Em segundo lugar, a ascensão de Cristo nos enche de compaixão pelas almas perdidas. Até que Jesus volte devemos ser suas testemunhas, pois isso é o seu mandato, desde a sua ascensão. Conforme disse John Stott, não seria normal os discípulos ficarem a olhar para o céu, quando tinham sido comissionado para irem até aos confins da terra(At 1:8). A Terra, e não o céu, deveria ser o centro da preocupação deles. Eles tinham sido chamados para serem testemunhas, não vasculhadores do céu. A visão que eles deveriam cultivar não era a vertical, de nostalgia do céu onde Jesus foi recebido, mas, sim, a horizontal, de compaixão pelo mundo perdido que precisava dele. O mesmo vale para nós.

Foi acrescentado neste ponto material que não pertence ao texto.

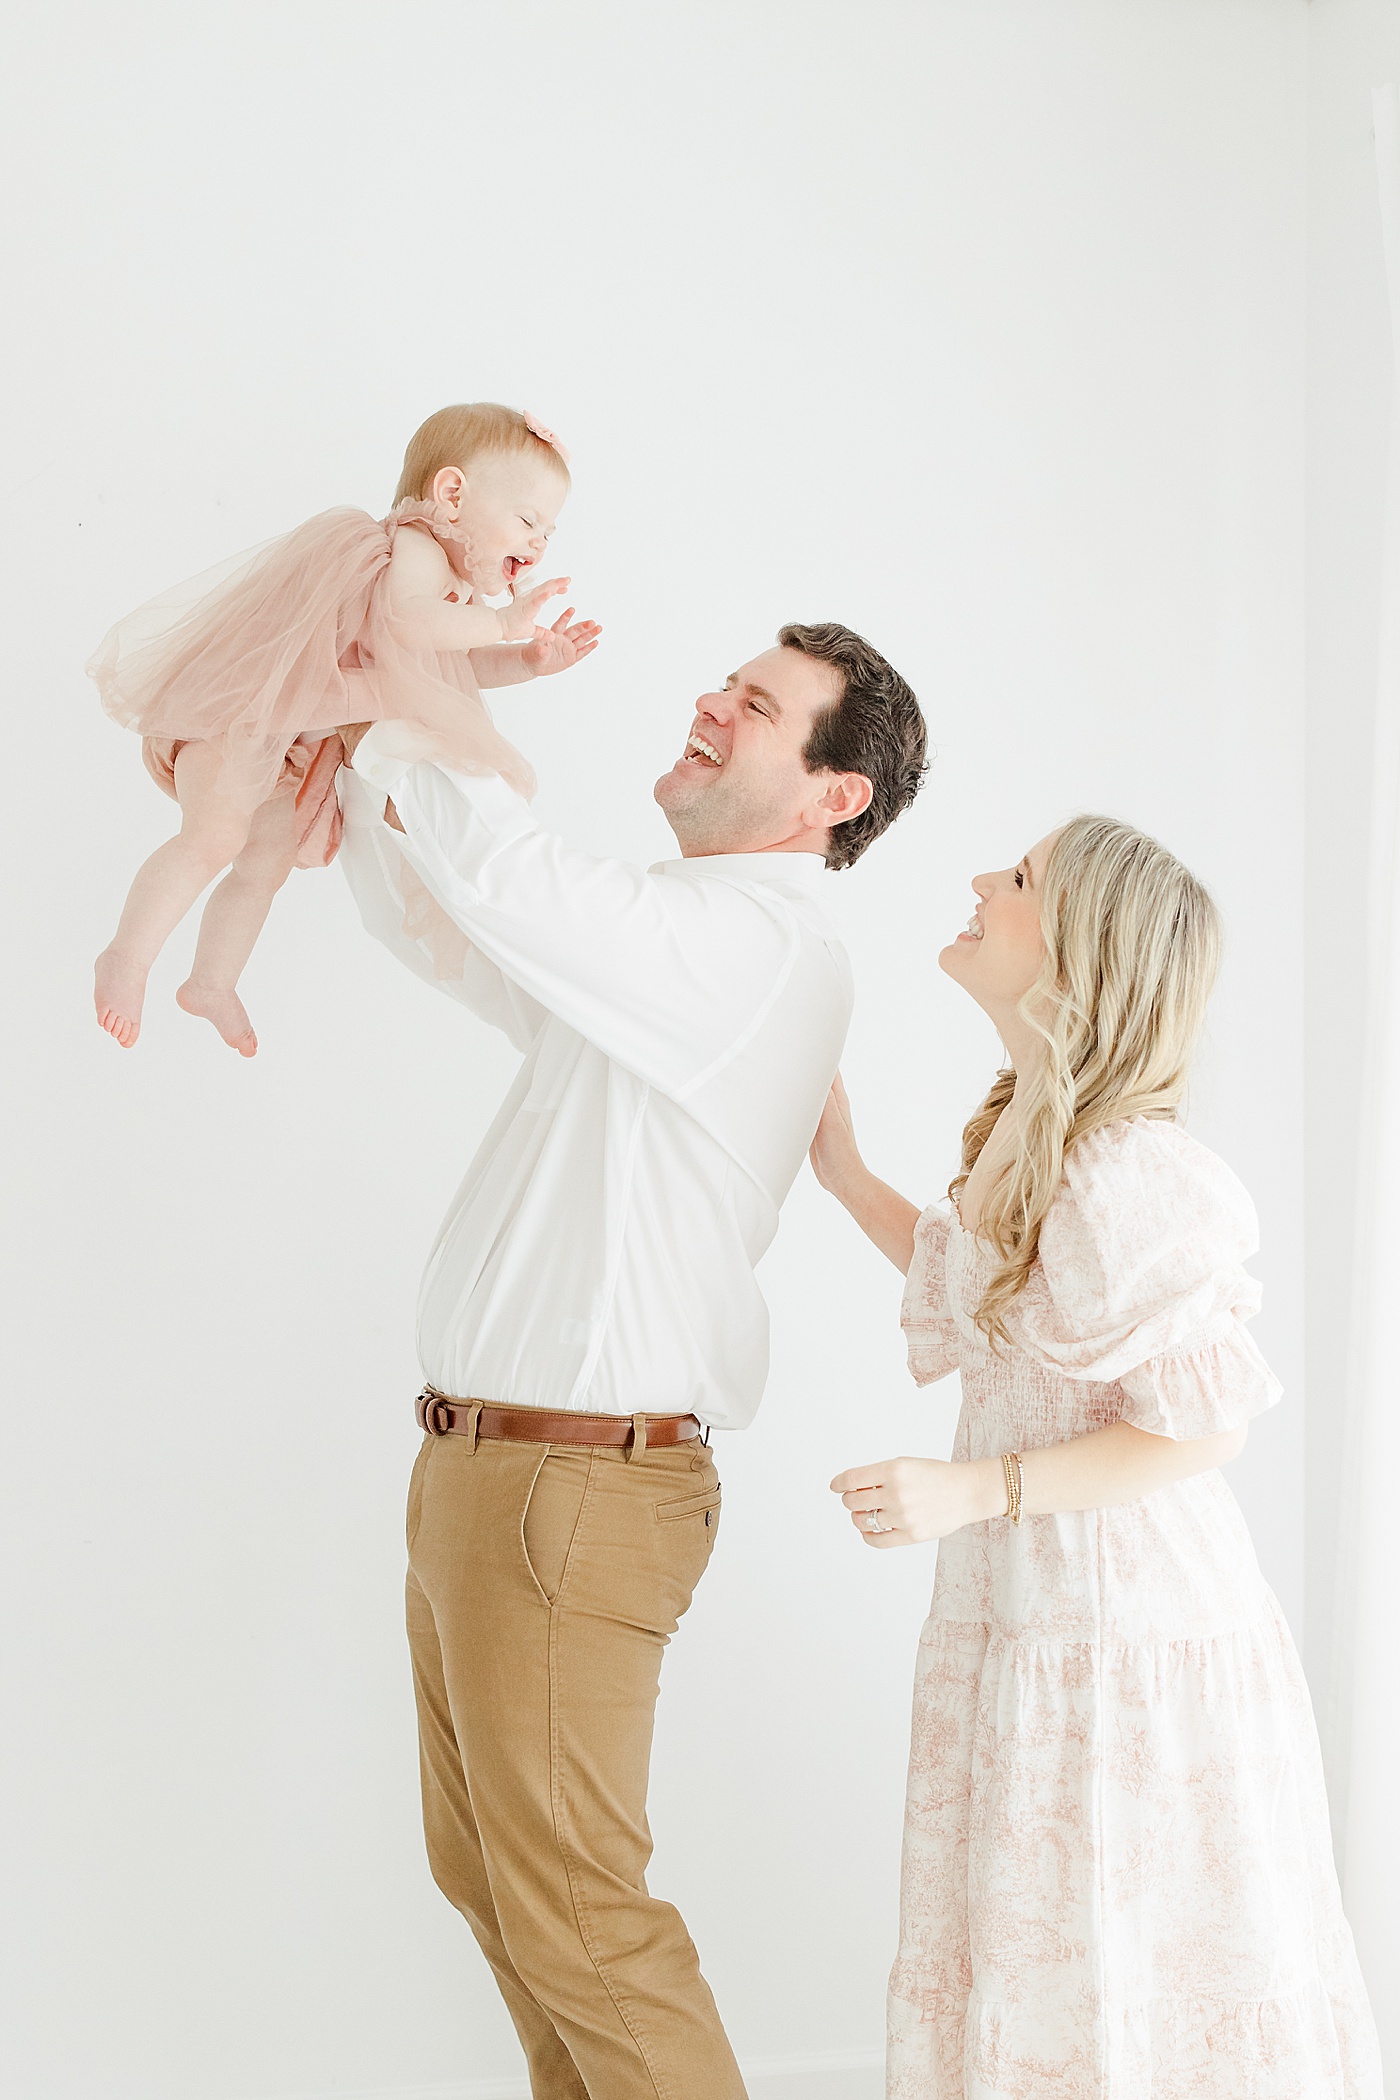 Family portrait during daughters first birthday photoshoot | Kristin Wood Photography

Precisamos lembrar especialmente que entre a Ascensão e a Parúsia(o desaparecimento e o reaparecimento de Jesus), alonga-se um período de duração indeterminado que deve ser preenchido pelo testemunho da igreja, que deve alcançar o mundo inteiro no poder do Espírito Santo. Precisamos dar ouvidos à mensagem dos anjos: “Vocês o viram partir. Vocês o verão voltar. Mas entre essa ida e vinda é necessário que haja outra. O Espírito Santo precisa vir, e vocês precisam ir – para o mundo, por Cristo”.[7]

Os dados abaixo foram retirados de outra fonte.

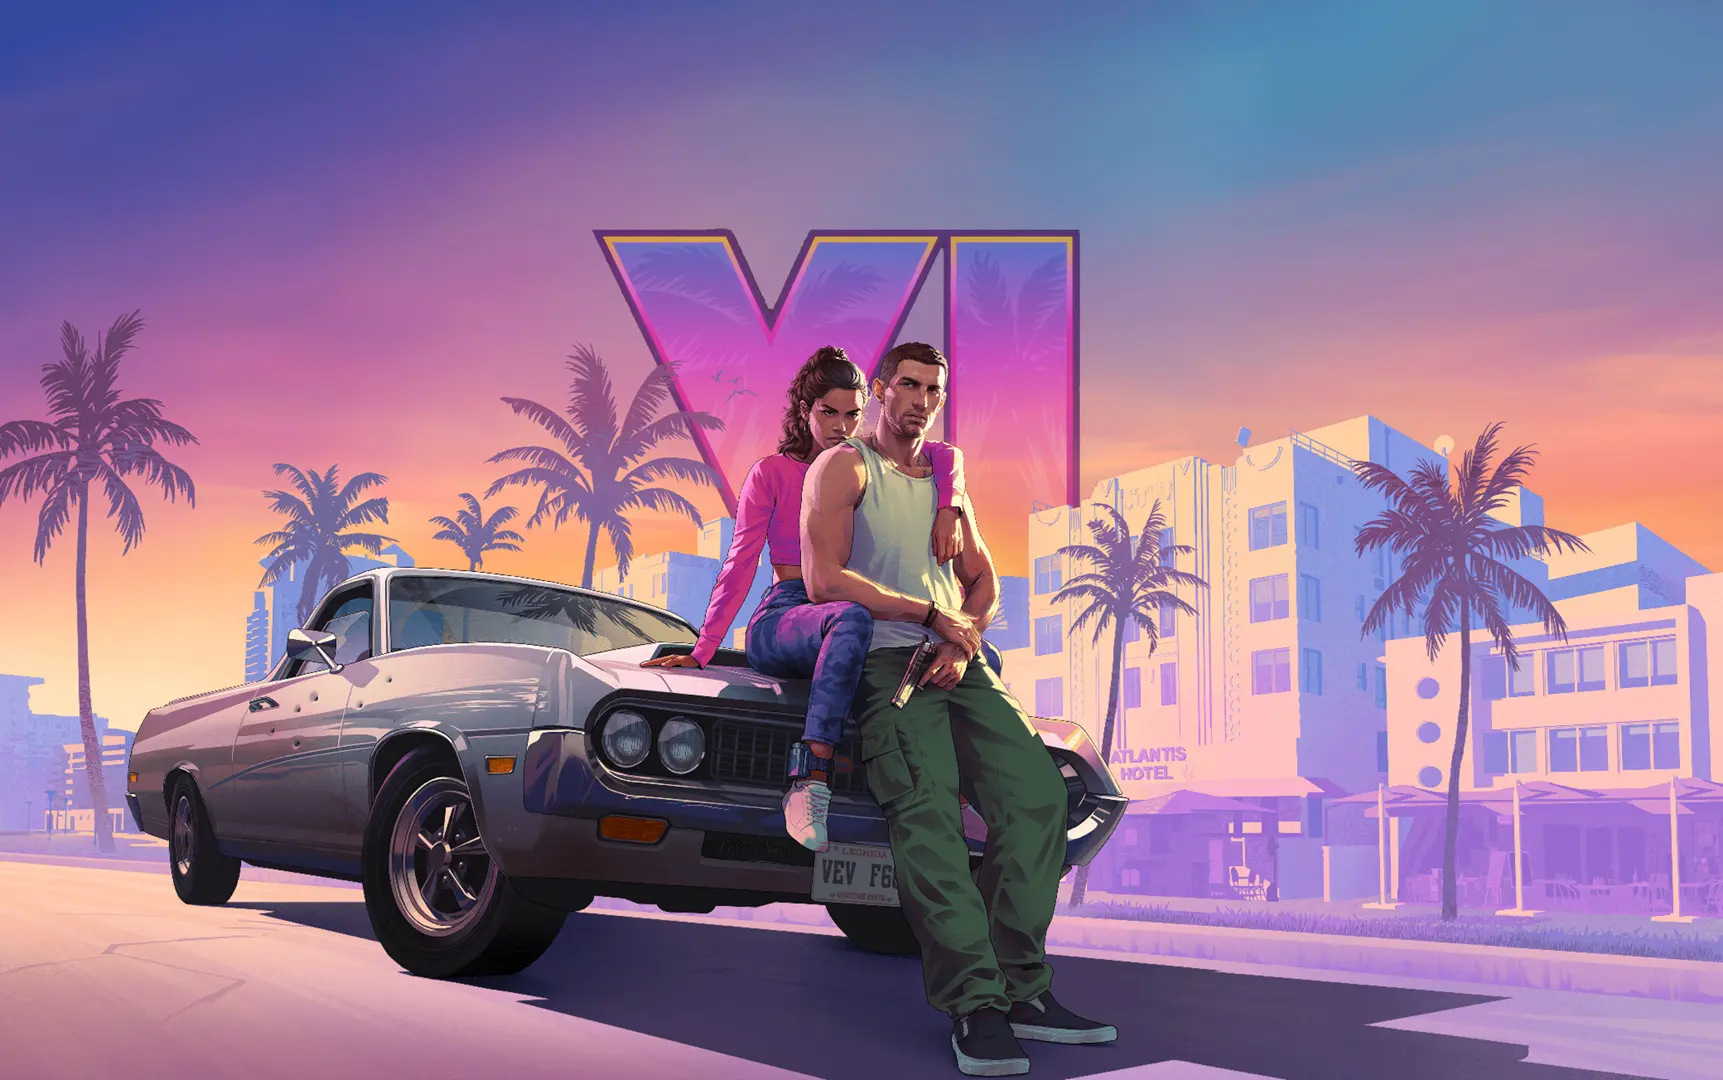 The official GTA 6 art featuring protagonists Jason and Lucia

Em terceiro lugar, a Ascensão de Cristo nos enche de plena confiança da vida eterna, pois Cristo, tendo sido semelhante a nós, assentou-se à destra de Deus(Mc 16:19) e intercede por nós como o Sumo Sacerdote segundo a ordem de Melquisedeque(Sl 10:4). O fato de Jesus está à destra de Deus Pai nos confirma sua autoridade como Deus, sua coroação como Rei e que sua obra na Terra foi concluída.

Em quarto lugar, consola-nos saber que à destra de Deus temos um advogado que está pleiteando a nosso favor. João diz: “Meus filhinhos [...] se alguém pecar, temos um Advogado para com o Pai, Jesus Cristo, o Justo”(1João 2:1). Para as pessoas que estão se sentindo culpadas e condenadas, o apóstolo João nos mostra o restabelecimento da certeza. Elas sabem que pecaram, e Satanás (chamado de acusador em Ap 12:10) está exigindo a pena de morte. Quando você se sentir assim, não desista da esperança – o melhor Advogado de defesa do universo está pleiteando a seu favor.
Jesus Cristo, nosso Advogado, nosso Defensor, é o Filho do Justo Juiz. Ele já sofreu a penalidade em nosso lugar. Nós não podemos ser julgados por um processo que está terminado (vide Cl 2:14). Unido a Cristo, estamos tão seguro quanto Ele. Não tenhamos medo de pedir a Cristo para pleitear a nossa causa – Ele já a venceu (ver Rm 8:33,34; Hb 7:24,25).[8]
Agora não somos mais réus, mas filhos. Deus não é mais o nosso Juiz, mas Pai. Nós, que cremos em Cristo, não entramos mais em juízo, mas passamos da morte para a vida(João 5:24). Uma vez justificados, entramos na família de Deus. Se pecarmos, não precisaremos de uma nova justificação do Juiz divino, mas do perdão do Pai. Jesus Cristo está assentado à destra do Pai(Cl 3:1). Glórias sejam dadas a Ele!

CONCLUSÃO

A Ascensão de Jesus é uma preparação e antecipação da glorificação também de cada cristão que o segue fielmente. Significa que o cristão deve viver com os pés na Terra, mas com o coração no Céu, a nossa pátria definitiva e verdadeira, como o apóstolo Paulo lembrou aos filipenses: “Mas a nossa cidade está nos céus, donde também esperamos o Salvador, o Senhor Jesus Cristo, que transformará o nosso corpo abatido, para ser conforme o seu corpo glorioso, segundo o seu eficaz poder de sujeitar também a si todas as coisas”(Fp 3:20,21). Portanto, o cristão vive neste mundo sem ser do mundo, caminha entre as coisas que passa abraçando somente as que não passa. Jesus breve vem!